The thwop-thwop-thwop of chopper blades drew his attention momentarily skyward. He glanced through the tinted upper part of the windshield of his rental car to see an emergency medical helicopter sweep across the sky. Those were never good. The helicopter veered northward, away from the interstate, disappearing after a time beyond the treetops of a distant ridge.
Soon after, traffic slowed. As the highway dipped into a broad valley, Grayson could see the long line of cars and trucks bogging the road ahead. Highway patrol car lights flashed and twirled beyond a point where the vehicles were being funneled into a single lane.
Grayson flipped his signal on and squeezed into an opening in the left lane.

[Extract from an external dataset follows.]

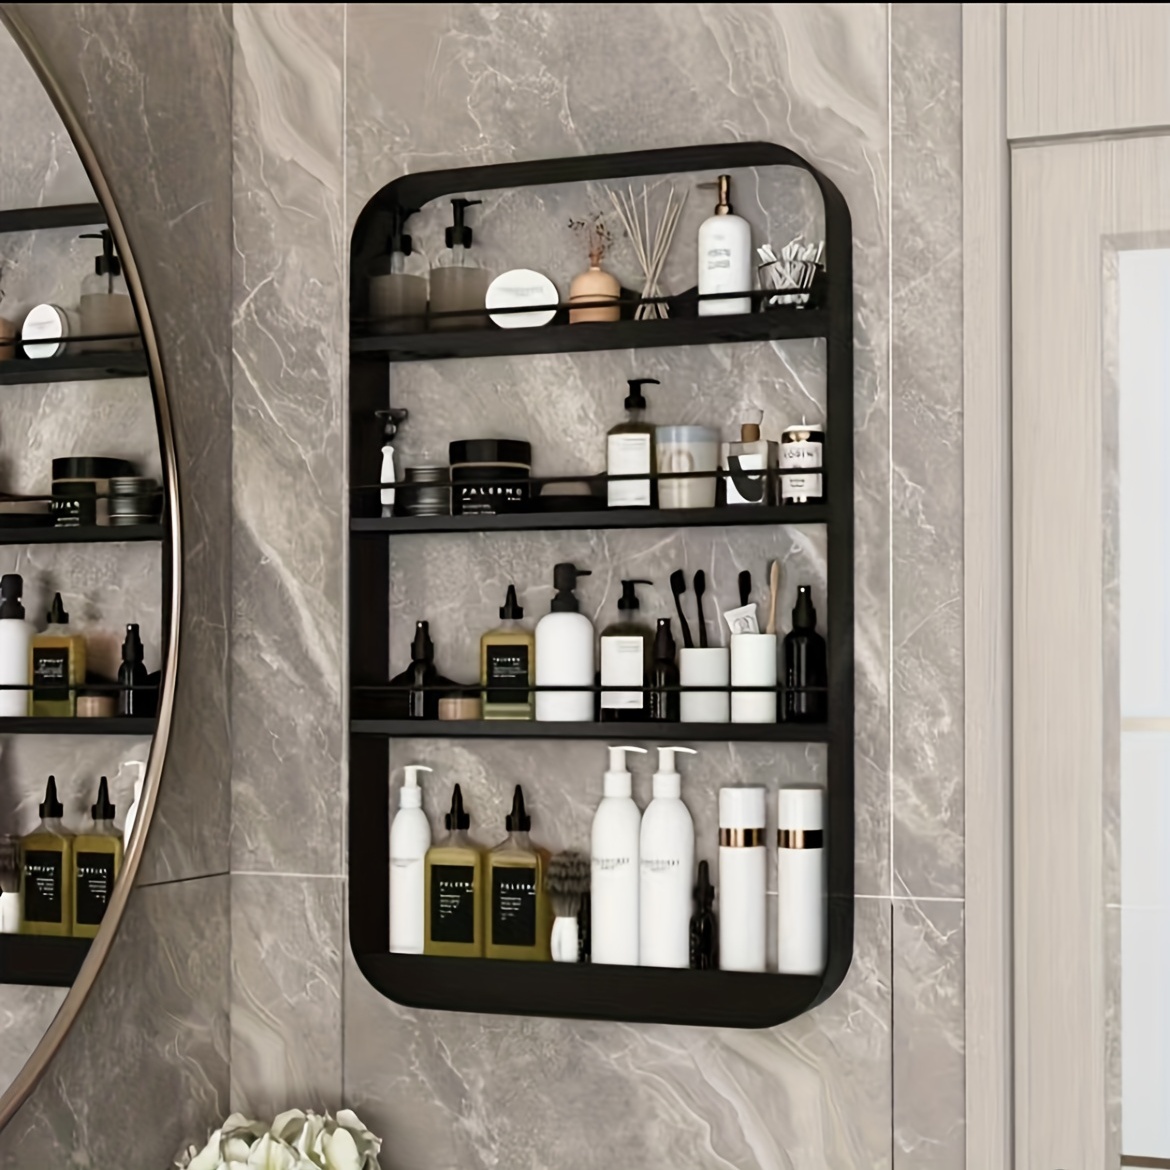 Wall Mounted Bathroom Shelf - Easy Installation, Organized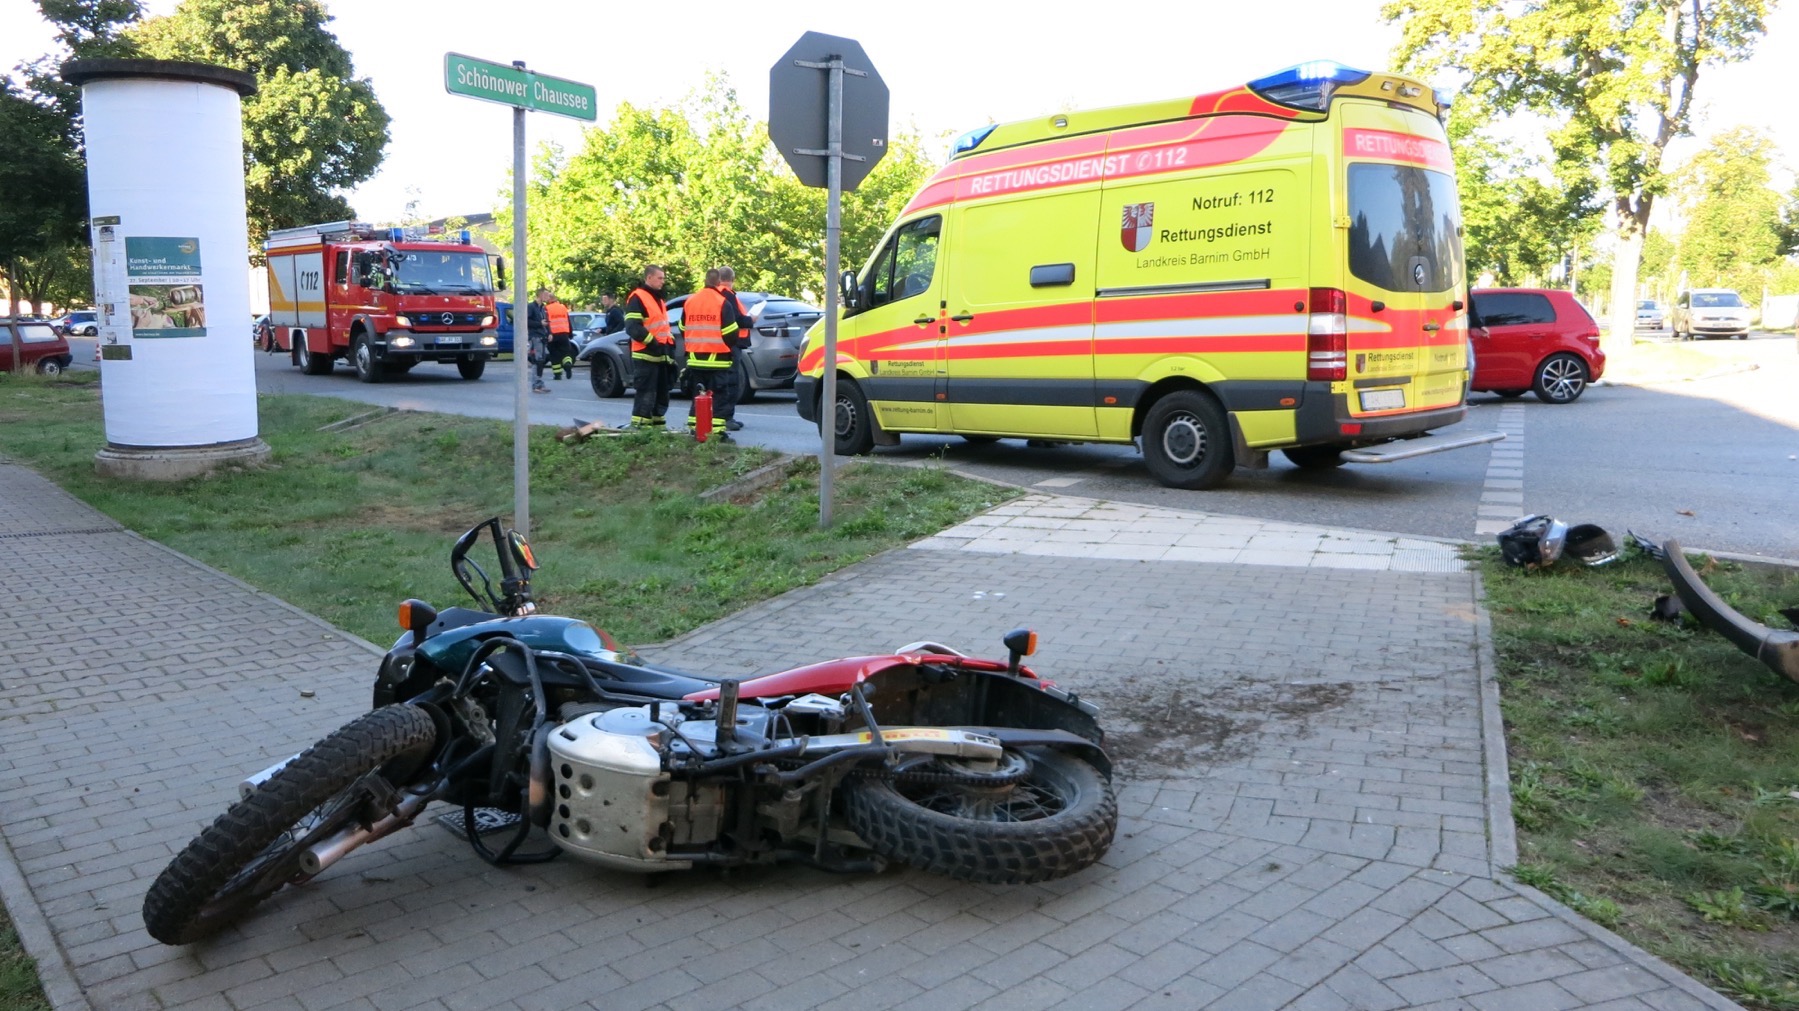 Bernau: Bernau: Schwerer Unfall zwischen Mottorrad und PKW Zu einem Zusammenstoß zwischen einem Pkw und einem Motorrad kam es am Mittwochmorgen gegen 08.30 Uhr auf der Schönower Chaussee.

For close to an hour, he inched forward, stopping and going at intervals, until he could see a crane lifting a mangled van from the ravine off to the right side of the road. A nearly unrecognizable mass of metal. If the driver or any passengers had survived, it was a miracle. Someone had, though, or else they wouldn’t have bothered to bring in the helicopter.
Finally, Grayson cleared the point where the van had smashed through the guardrail. The highway opened back up into two lanes, freeing the space between the vehicles. Pushing his car back up to speed, he set the cruise. The car was a rental he’d selected based on affordability. His only requirements were something fuel efficient with cruise control and automatic transmission. He got that and little more: a two-door silver economy car with a radio and plain black interior. The suspension was stiff and the ride noisy, but he’d had to make precious few stops for gas along the way—a fact he was grateful for. It was cramped, but he didn’t plan on having it long, anyway.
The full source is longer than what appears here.